4. Per-scope egress at the gateway

The MCP gateway enforces egress policies per scope, not per server. A read:pii scope automatically restricts outbound destinations more than read:public.

5. Anomaly detection on tool-call patterns

Baseline each server's outbound volume and destinations. Alert on deviations: a sudden spike, a previously unseen destination, a new port. Feeds the error rate dashboards.

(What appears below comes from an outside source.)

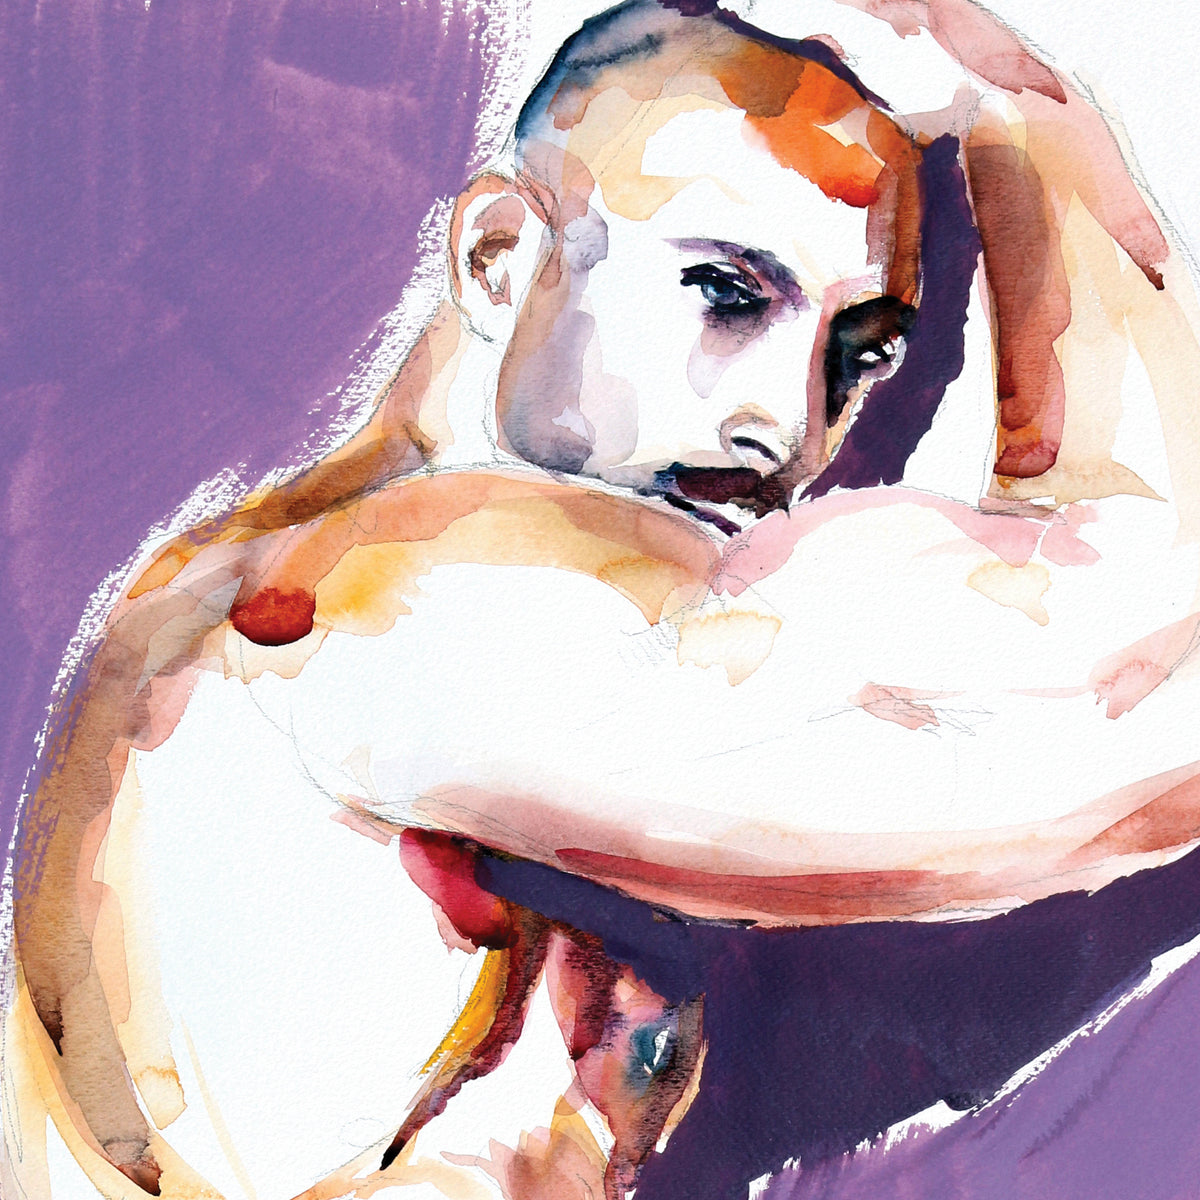 Muscular Man in Doorway, Intense Gaze, Half-Concealed Face - Giclee Art Print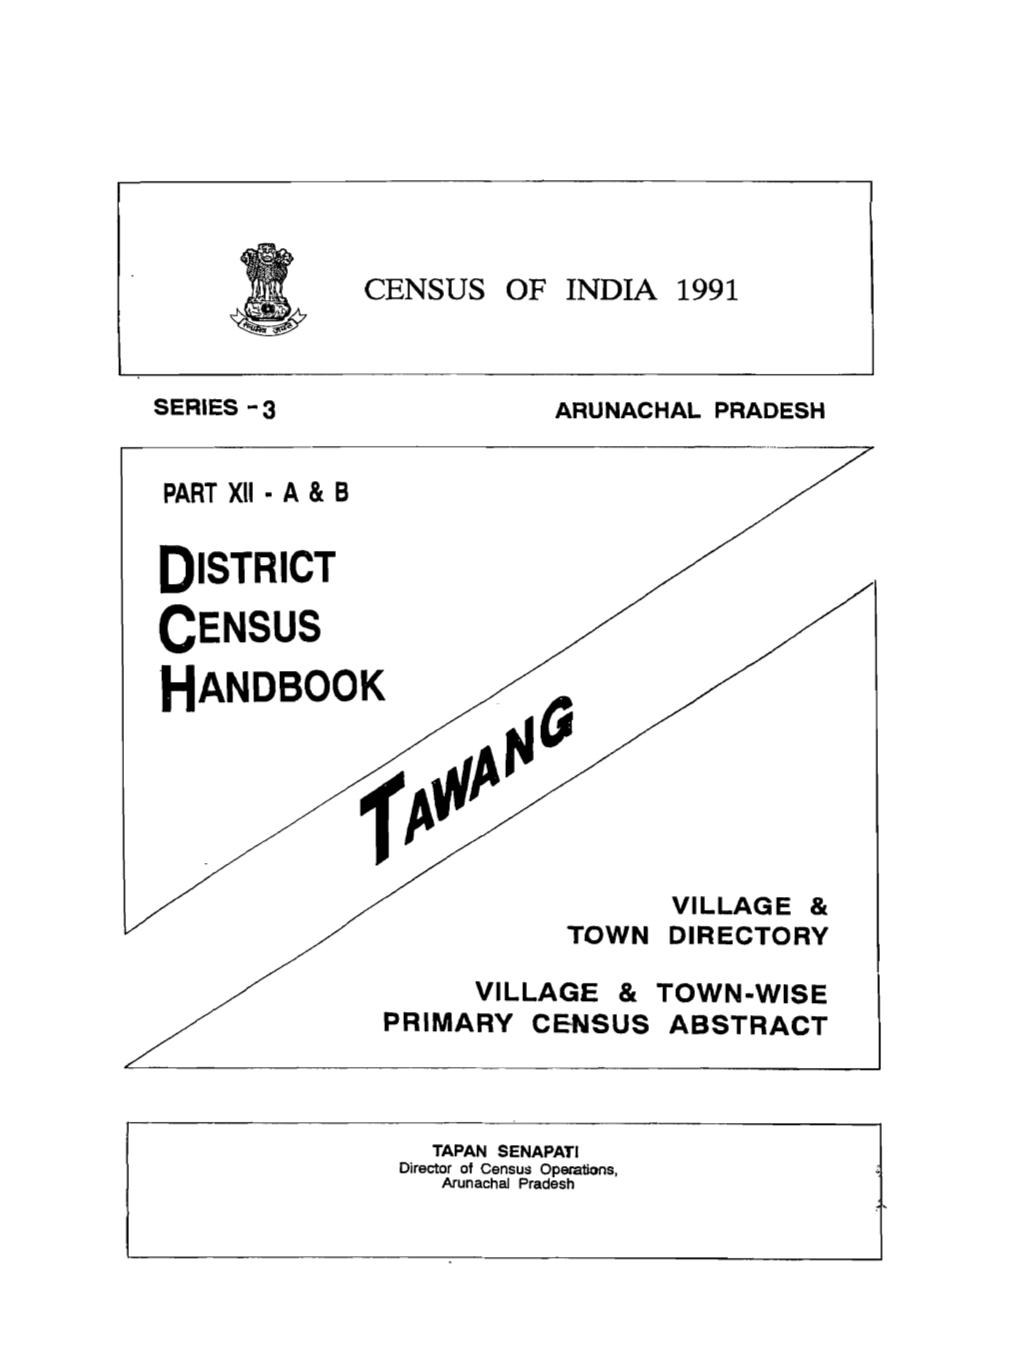 District Census Handbook, Tawang, Part XII a & B, Series-3, Arunachal

Where DLP at the model layer fits

A complementary control: classify the prompt and tool result content before sending to the model. If a tool returns 10,000 SSNs and the model is about to summarise them, the classifier intercepts. Cheap, catches a class of leaks the network controls miss.

What does not work

Trusting the model to refuse exfiltration — it will happily comply if a prompt-injection convinces it.
Blocking outbound TLS without inspection — every MCP server you actually want needs outbound TLS.
Logging-only DLP — by the time you see the logs, the data is gone.
One-size-fits-all rules — egress restrictions must be per-server.

Implementation pattern

A working layered setup:

Sandbox the server (see sandboxed runtimes) with --network=server-net.
Pin the network to a Docker network with an egress proxy.
Egress proxy enforces the allowlist + payload cap + classifier.
Gateway enforces scope-level rules above the proxy.
SIEM consumes anomaly events.

Three weeks of engineering on top of basic MCP usage. Pays for itself the first time it catches a real attempt.

Audit story

Every blocked outbound becomes an audit event:

{
  "ts": "2026-04-25T09:14:22Z",
  "server": "github-mcp",
  "destination": "evil.example.com",
  "decision": "block",
  "reason": "destination not in allowlist",
  "payload_size": 4582
}

Feeds the audit trail. After a month, the noise level tells you which servers need their allowlist expanded vs. which are doing something they should not.

Common mistakes

Allowlist by IP, not hostname — IPs change; hostnames carry intent.
No payload cap — exfiltration of large blobs slips past hostname allowlists.
DLP only on the inbound side — agents leak through outbound; instrument both.
No baseline — anomaly detection without a baseline is just noisy alerts.

Where this is heading

Two shifts to watch by 2027: native egress declarations in the MCP spec, and managed DLP services tuned for agent traffic patterns. Build the layers now, swap implementations later.